Annual report finds Vermont not meeting greenhouse gas redu…

The Energy Action Network has issued its annual progress report assessing Vermont’s greenhouse gas emissions and how it compares to surrounding states.

The Energy Action Network does independent research and provides an annual progress report for the state of Vermont.

The organization has just released “Assessing Vermont’s climate responsibility: A comparative analysis of per capita emissions.”

Network Executive Director and report co-author Jared Duval said people often hear about statewide total emissions and the differences between large and small states.

“But when it comes to total emissions, not surprisingly, the climate pollution from states largely mirrors their population size,” said Duval. “However if we accept that each state has a responsibility to reduce the pollution that they create, a responsibility in other words to do their fair share, towards meeting science-based pollution reduction targets then per capita emissions become a very important basis of comparison across states to account for differences in population.”

Duval used a chart to illustrate how Vermont is behind both Paris Accord global and state level reductions mandated by the Global Warming Solutions Act.

“Vermont has reduced emissions only 11 percent below 2005 levels although the Paris target and the Solutions Act obligations are at 26 percent reduction below 2005 levels by 2025,” Duval reported. “Vermont also has the second highest per capita climate pollution in New England, behind only New Hampshire, and the third highest in the Northeast with only Pennsylvania and New Hampshire creating more climate pollution per person.”

Report co-author and Network Data Manager and Research Analyst Lena Stier provided an overview of the report’s key findings including the importance of using per capita measurements and using collective mitigation strategies to address greenhouse gas emissions.

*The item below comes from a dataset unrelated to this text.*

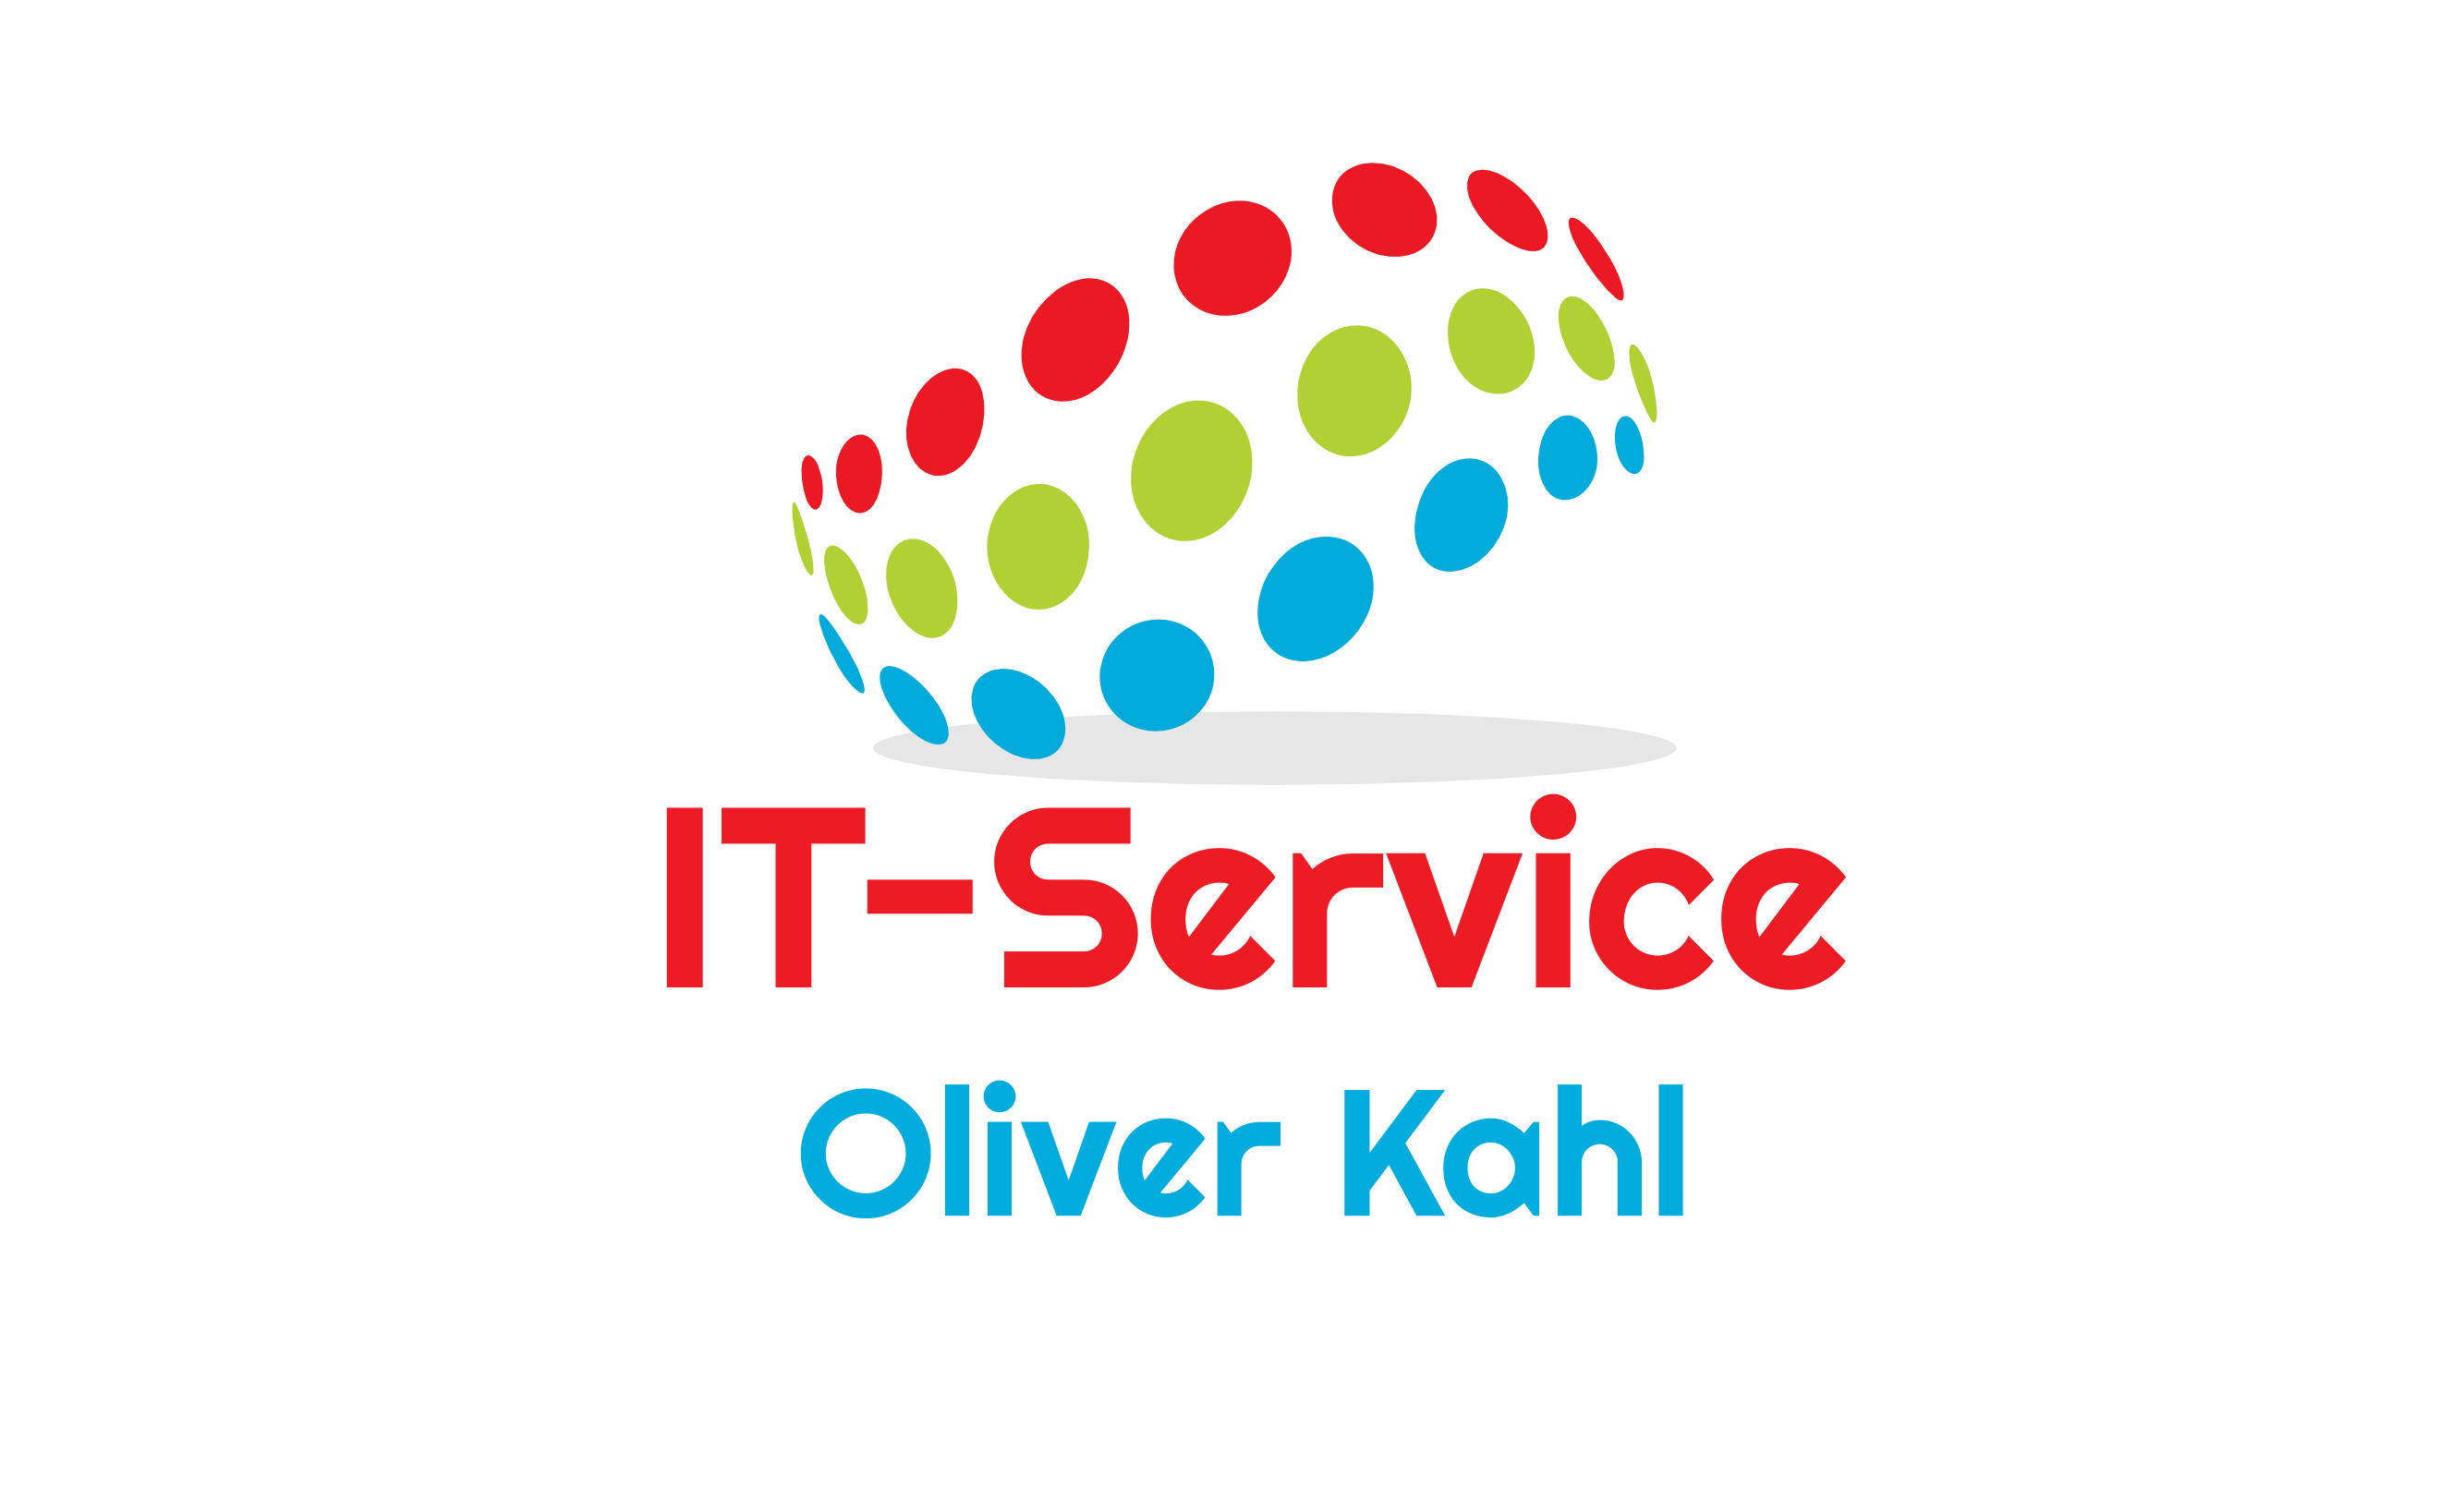 IT Service Oliver Kahl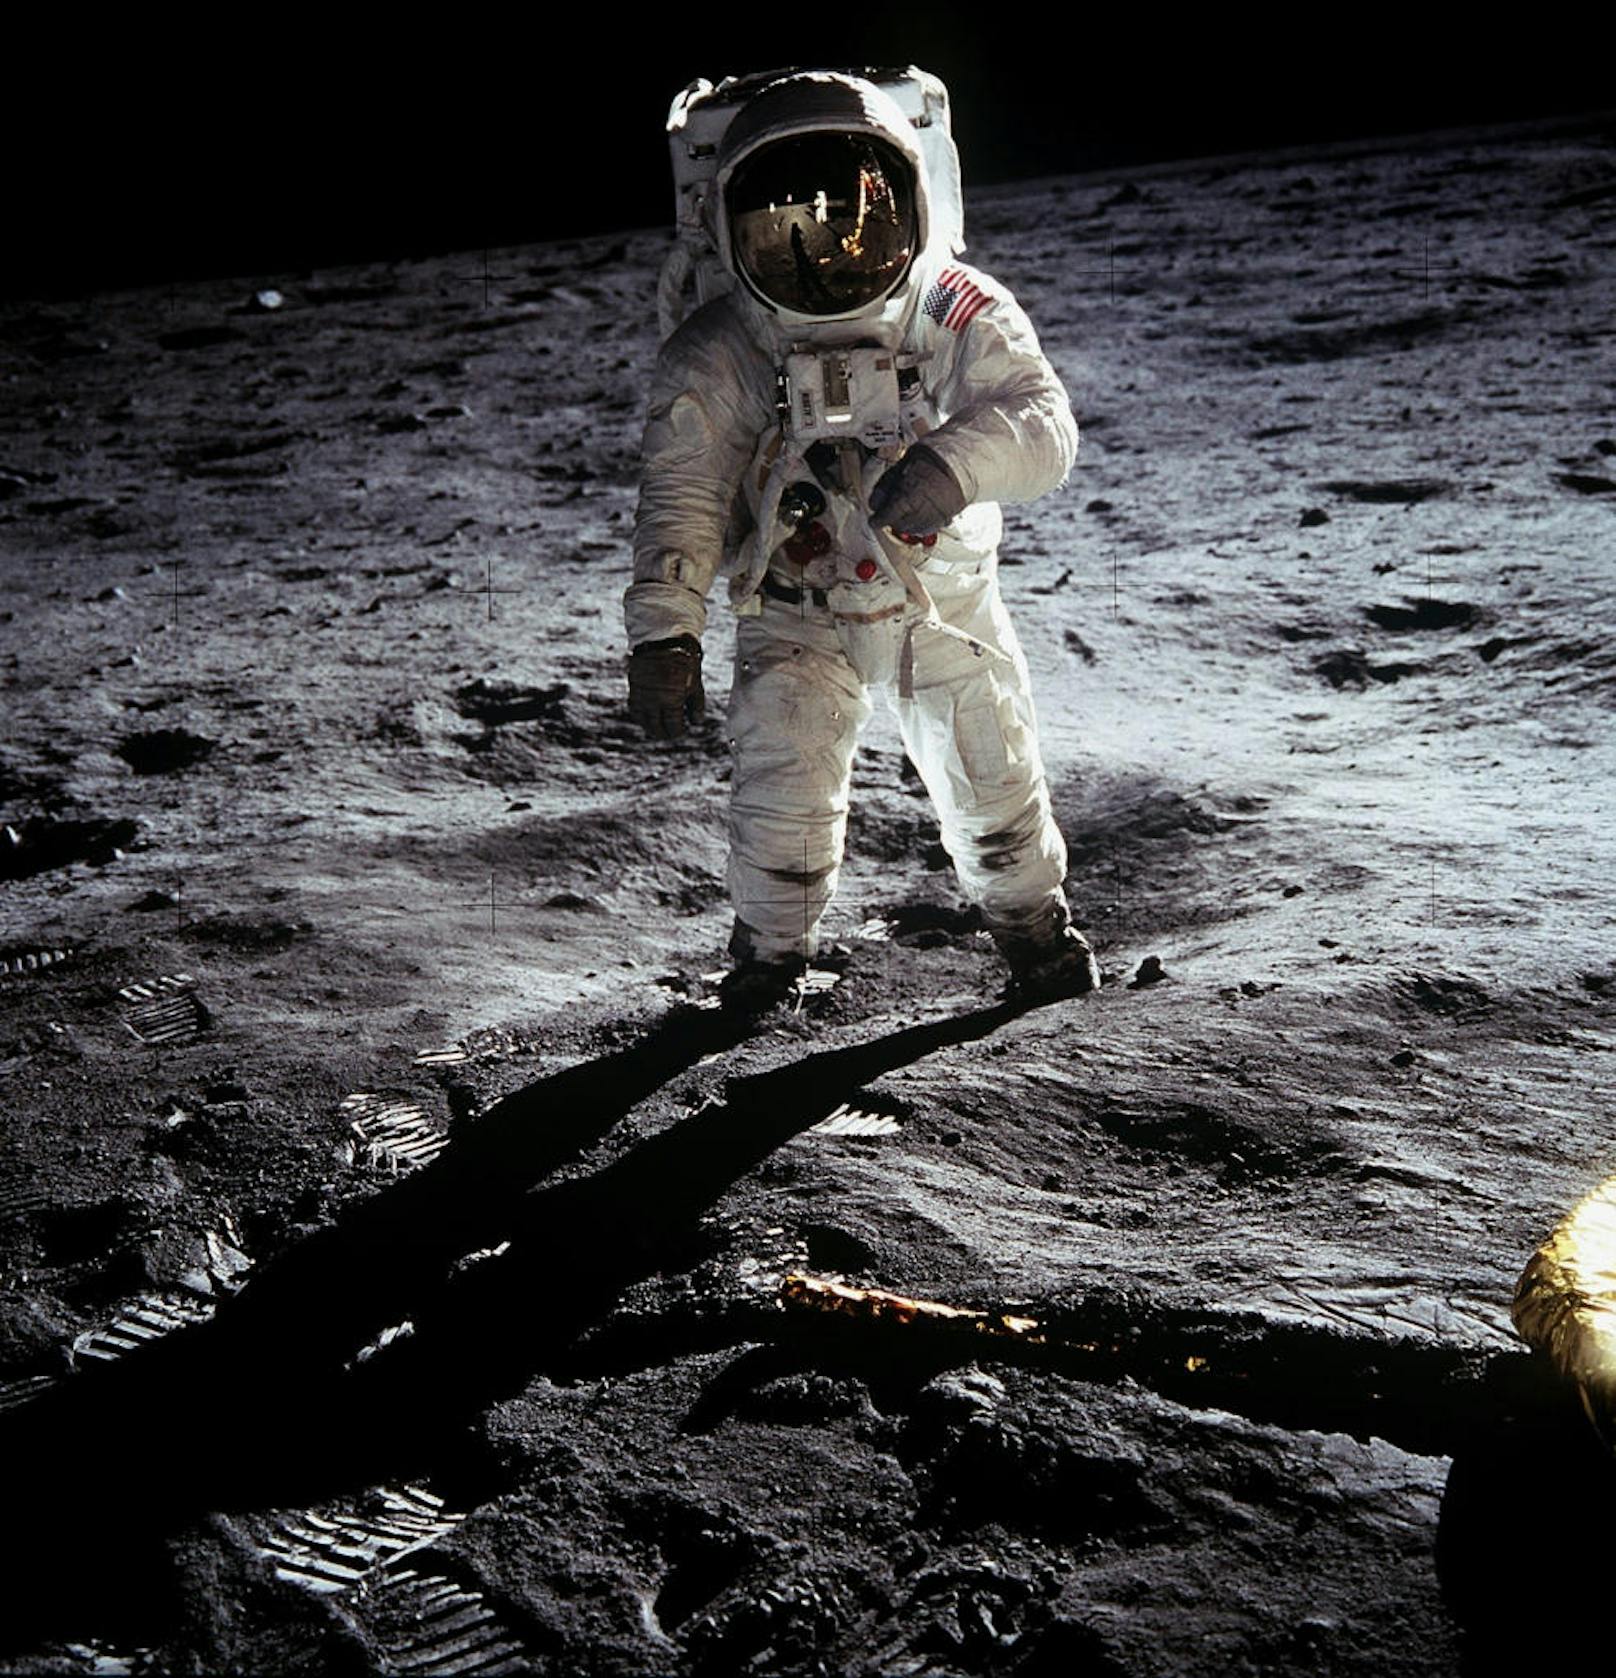 Buzz Aldrin auf der Mondoberfläche. In der Spiegelung seines Helmes sind sowohl die Mondfähre, als auch Neil Armstrong zu sehen. Ihr Kollege Michael Collins musste währenddessen das Kommandomodul im Orbit steuern. Er hat den Mond nie betreten.

“For Vermont specifically, as we mentioned earlier, Vermont has made the least progress toward the 2025 target of the Paris Agreement and also Vermont’s Global Warming Solutions Act target,” said Stier. “It has made the least progress of any state in the Northeast. Vermont’s per capita emissions are the third highest in the whole Northeast and our per capita emissions are more than two times higher than the global average. And then Vermont’s estimated cumulative greenhouse gas pollution since 1850 is higher than over 70 countries worldwide, nearly all or most of which have higher populations.”